The frame erasure concealment module 306 reconstructs the speech parameters for the frame by first determining whether information from future frames is available in the jitter buffer 302. In step 410, the frame erasure concealment module 306 makes this determination by monitoring a “future frame available flag” generated by the frame error detector 304. If the “future frame available flag” is cleared, then the frame erasure concealment module 306 must reconstruct the speech parameters from the previous frames in step 412, without the benefit of the information in future frames. On the other hand, if the “future frame available flag” is set, the frame erasure concealment module 306 may provide enhanced concealment by using information from both the previous and future frames. This process is performed however, only if the frame rate is high enough to achieve voice quality gains. The frame erasure concealment module 306 makes this determination in step 413. Either way, once the frame erasure concealment module 306 reconstructs the speech parameters for the current frame, it waits for the next frame in step 408, and then repeats the process.
In step 412, the frame erasure concealment module 306 reconstructs the speech parameters for the erased frame using the information from the previous frame. For the first frame erasure in a sequence of lost frames, the frame erasure concealment module 306 copies the LSPs and the “delay” from the last received frame, sets the adaptive codebook gain to the average gain over the sub-frames of the last received frame, and sets the fixed codebook gain to zero. The adaptive codebook gain is also faded and element of randomness is the LSPs and the “delay” if power (adaptive codebook gain) is low.
As indicated above, improved error concealment may be achieved when information from future frames is available and the frame rate is high. In step 414, the LSPs for a sequence of frame erasures may be linearly interpolated from the previous and future frames. In step 416, the delay may be computed using the DDelay from the future frame, and if the DDelay is zero, then the delay may be linearly interpolated from the previous and future frames. In step 418, the adaptive codebook gain may be computed. At least two different approaches may be used. The first approach computes the adaptive codebook gain in a similar manner to the LSPs and the “delay.” That is, the adaptive codebook gain is linearly interpolated from the previous and future frames. The second approach sets the adaptive codebook gain to a high value if the “delay” is known, i.e., the DDelay for the future frame is not zero and the delay of the current frame is exact and not estimated. A very aggressive approach may be used by setting the adaptive codebook gain to one. Alternatively, the adaptive codebook gain may be set somewhere between one and the interpolation value between the previous and future frames. Either way, there is no fading of the adaptive codebook gain as might be experienced if information from future frames is not available. This is only possible because having information from the future tells the frame erasure concealment module 306 whether the erased frames have any speech content (the user may have stopped speaking just prior to the transmission of the erased frames). Finally, in step 420, the fixed codebook gain is set to zero.

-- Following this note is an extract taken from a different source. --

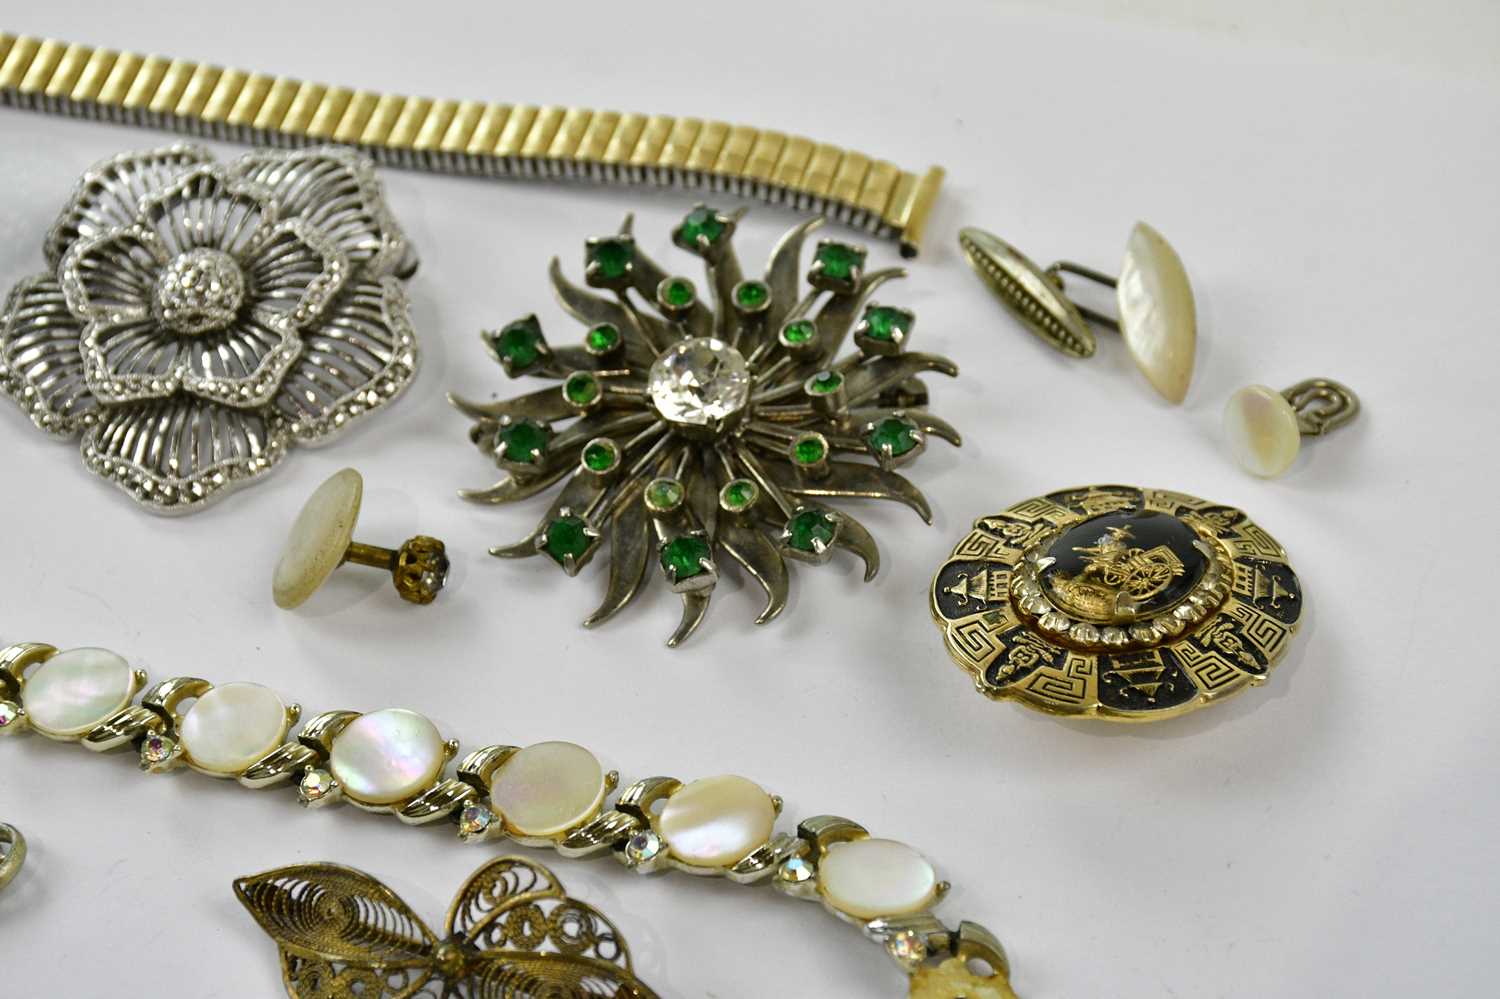 A small group of costume jewellery including filigree butterfly or insect brooch, stylish floral - Bild 3 aus 5
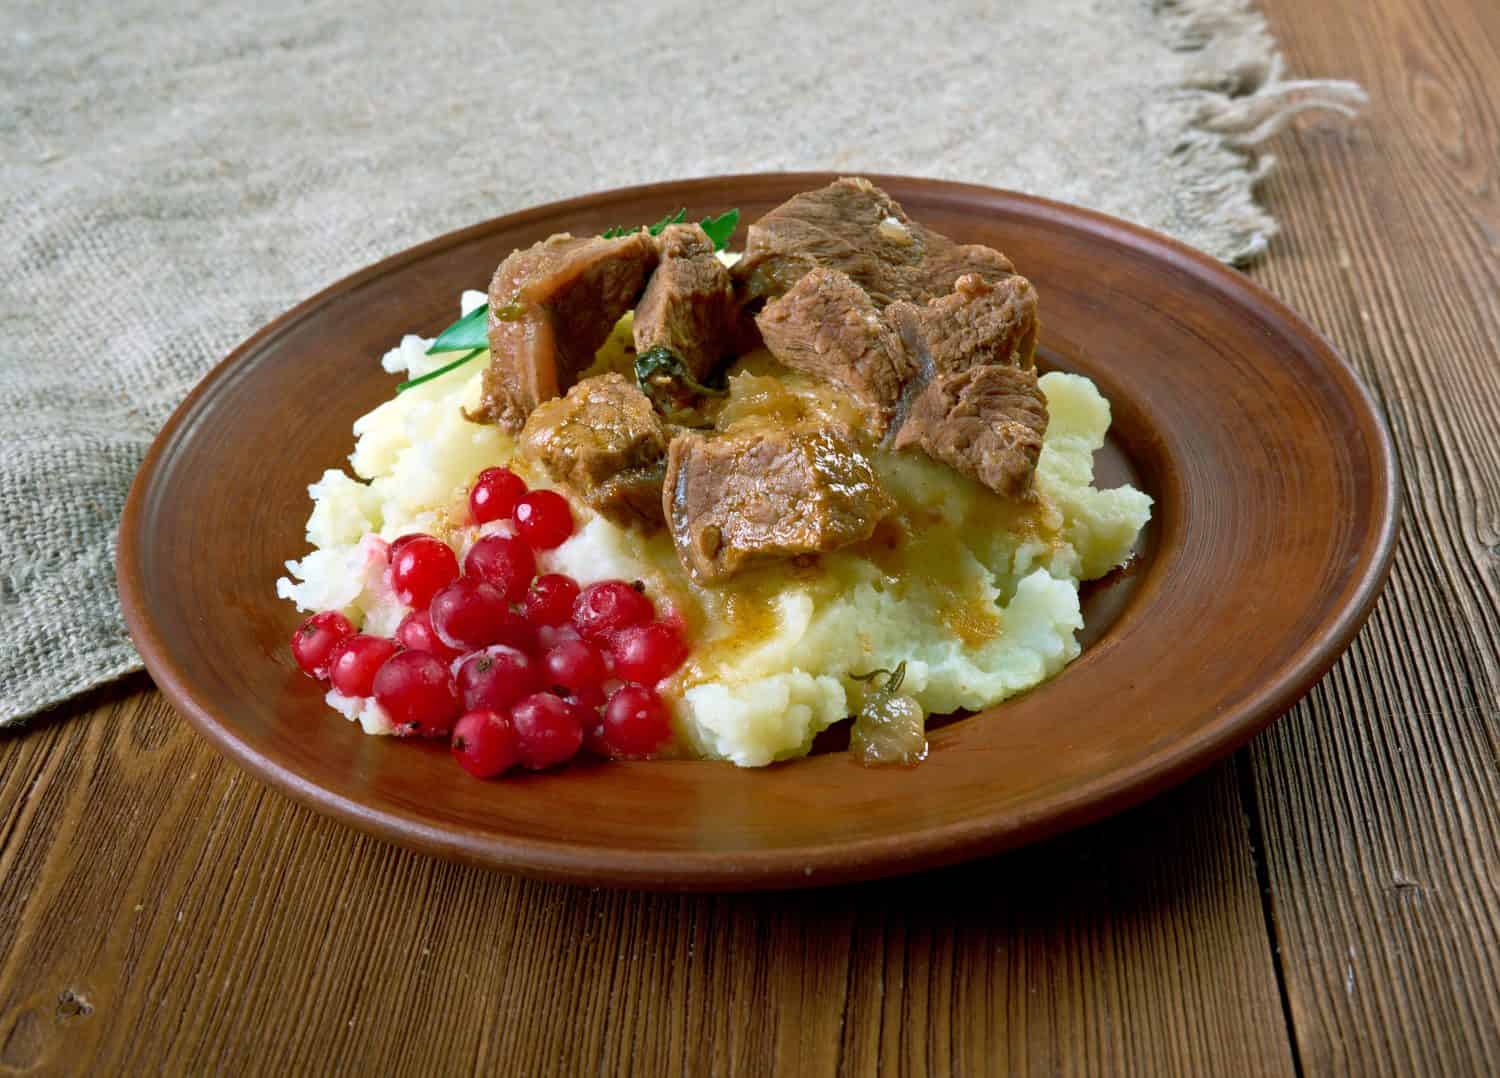 Sauteed reindeer venison steak served with mashed potatoes and lingonberry  -   traditional meal from Lapland, especially in Finland, Sweden, Norway and Russia.

The various illustrative logical blocks, modules, circuits, elements, and/or components described in connection with the embodiments disclosed herein may be implemented or performed with a general purpose processor, a Digital Signal Processor (DSP), an Application Specific Integrated Circuit (ASIC), a Field Programmable Gate Array (FPGA) or other programmable logic component, discrete gate or transistor logic, discrete hardware components, or any combination thereof designed to perform the functions described herein. A general-purpose processor may be a microprocessor, but in the alternative, the processor may be any conventional processor, controller, microcontroller, or state machine. A processor may also be implemented as a combination of computing components, e.g., a combination of a DSP and a microprocessor, a plurality of microprocessors, one or more microprocessors in conjunction with a DSP core, or any other such configuration.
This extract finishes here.